Promoter recognition and discrimination by EσS RNA polymerase

Abstract

Although more than 30 Escherichia coli promoters utilize the RNA polymerase holoenzyme containing σS (EσS), and it is known that there is some overlap between the promoters recognized by EσS and by the major E. coli holoenzyme (Eσ70), the sequence elements responsible for promoter recognition by EσS are not well understood. To define the DNA sequences recognized best by EσS in vitro, we started with random DNA and enriched for EσS promoter sequences by multiple cycles of binding and selection.

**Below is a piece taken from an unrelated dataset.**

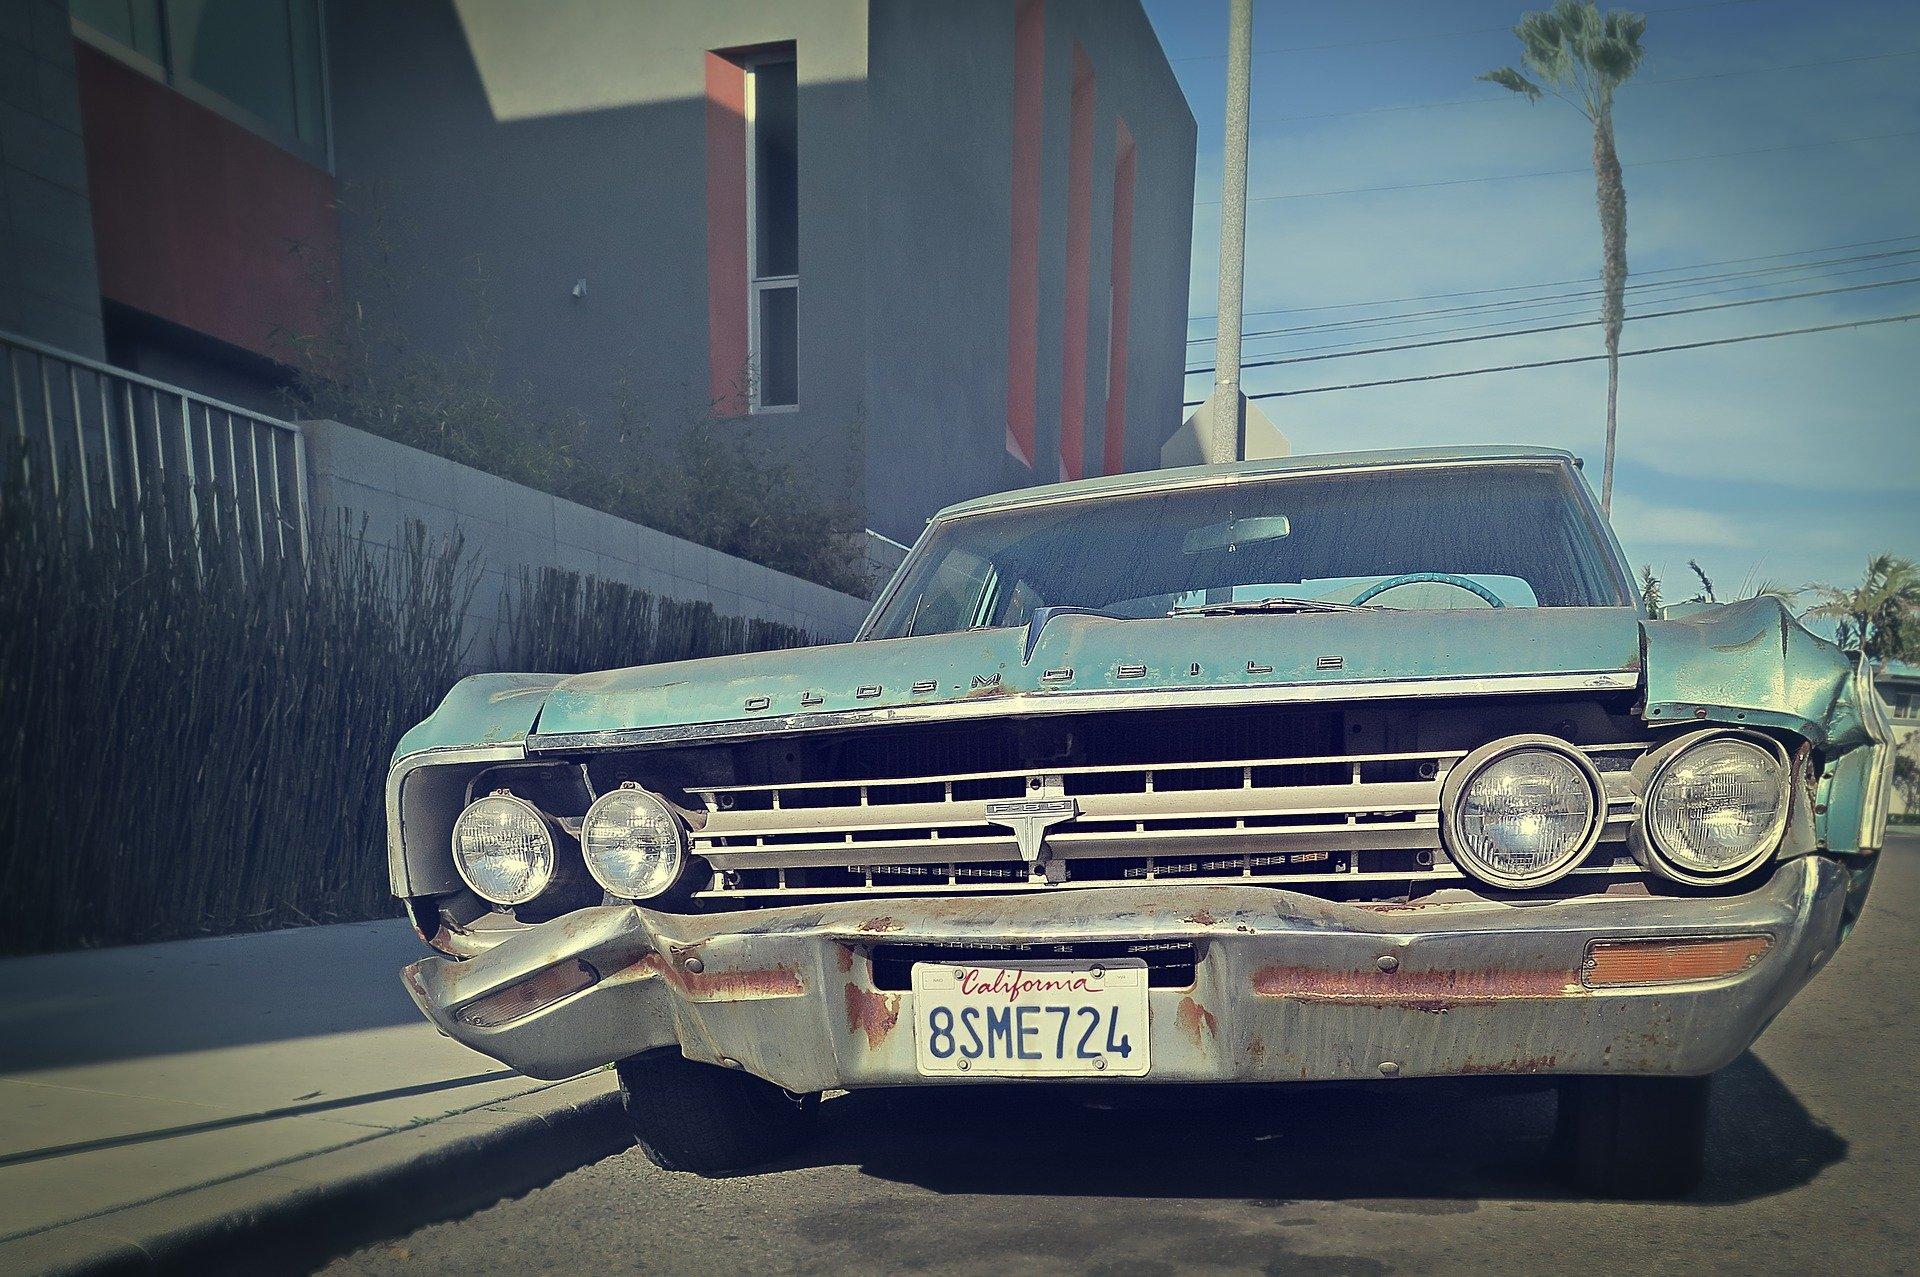 Old Classic Car in La Mesa California - VeteranCarDonations.org
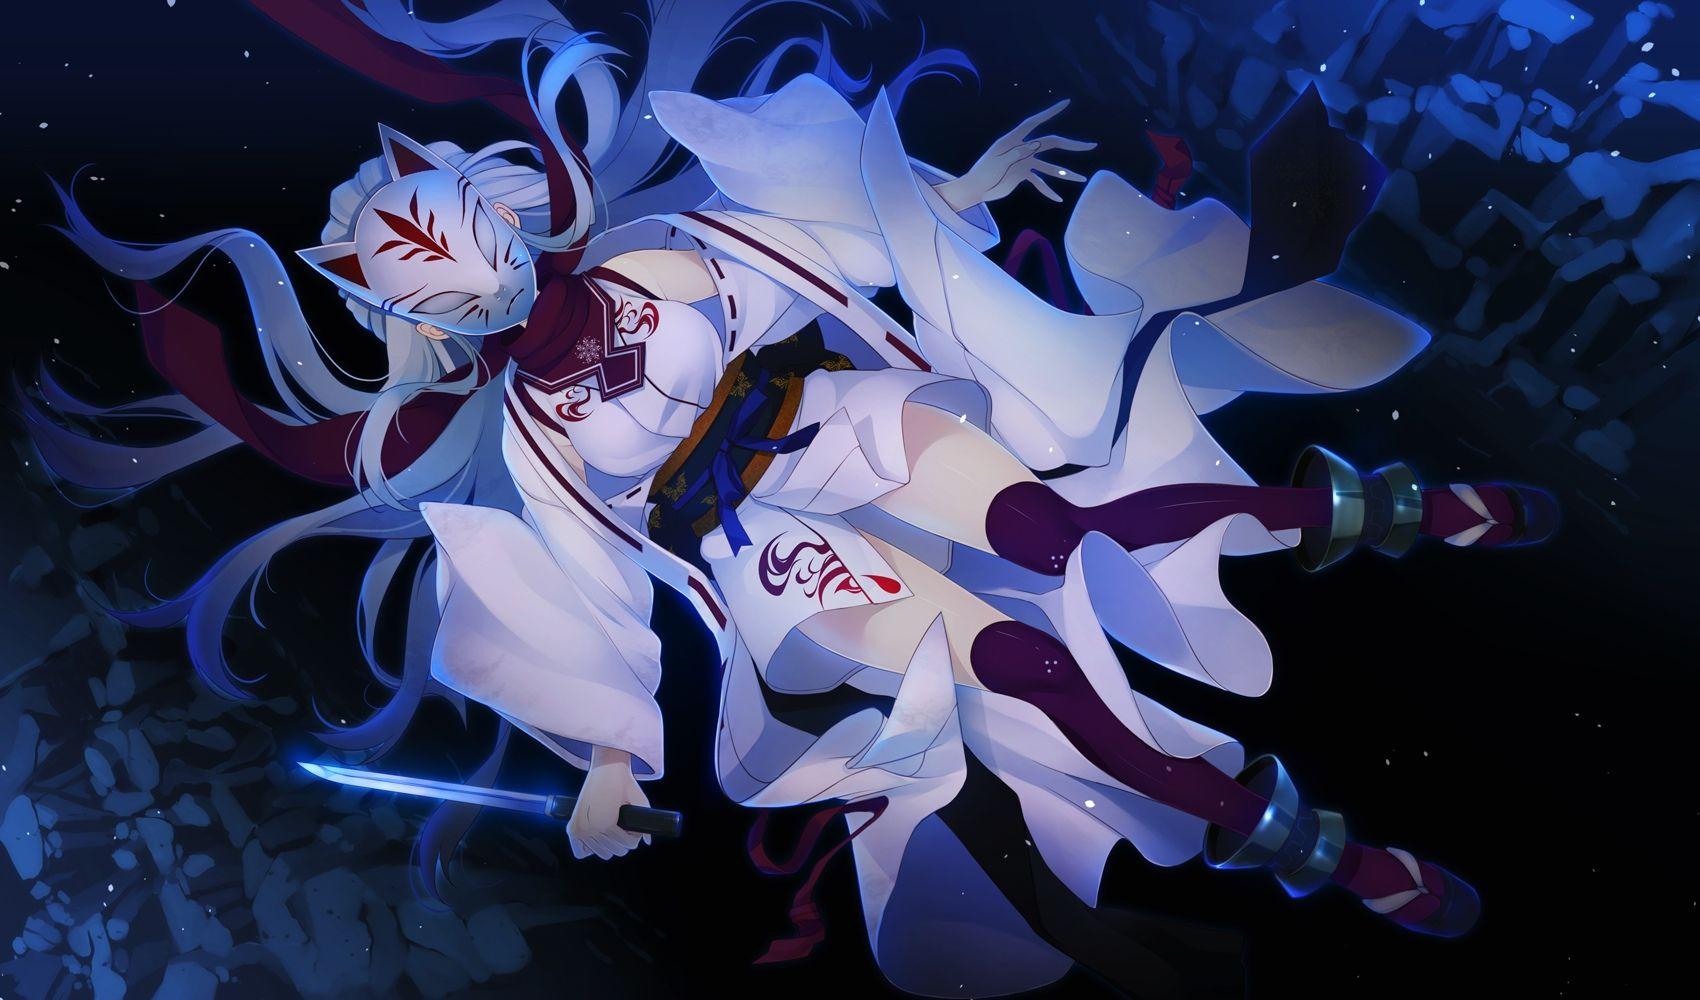 Anime Kitsune mask | Anime Characters | Pinterest ...

Surprisingly, the sequences selected by EσS contained the known consensus elements (-10 and -35 hexamers) for recognition by Eσ70. Using genetic and biochemical approaches, we show that EσS and Eσ70 do not achieve specificity through 'best fit' to different consensus promoter hexamers, the way that other forms of holoenzyme limit transcription to discrete sets of promoters. Rather, we suggest that EσS-specific promoters have sequences that differ significantly from the consensus in at least one of the recognition hexamers, and that promoter discrimination against Eσ70 is achieved, at least in part, by the two enzymes tolerating different deviations from consensus. DNA recognition by EσS versus Eσ70 thus presents an alternative solution to the problem of promoter selectivity.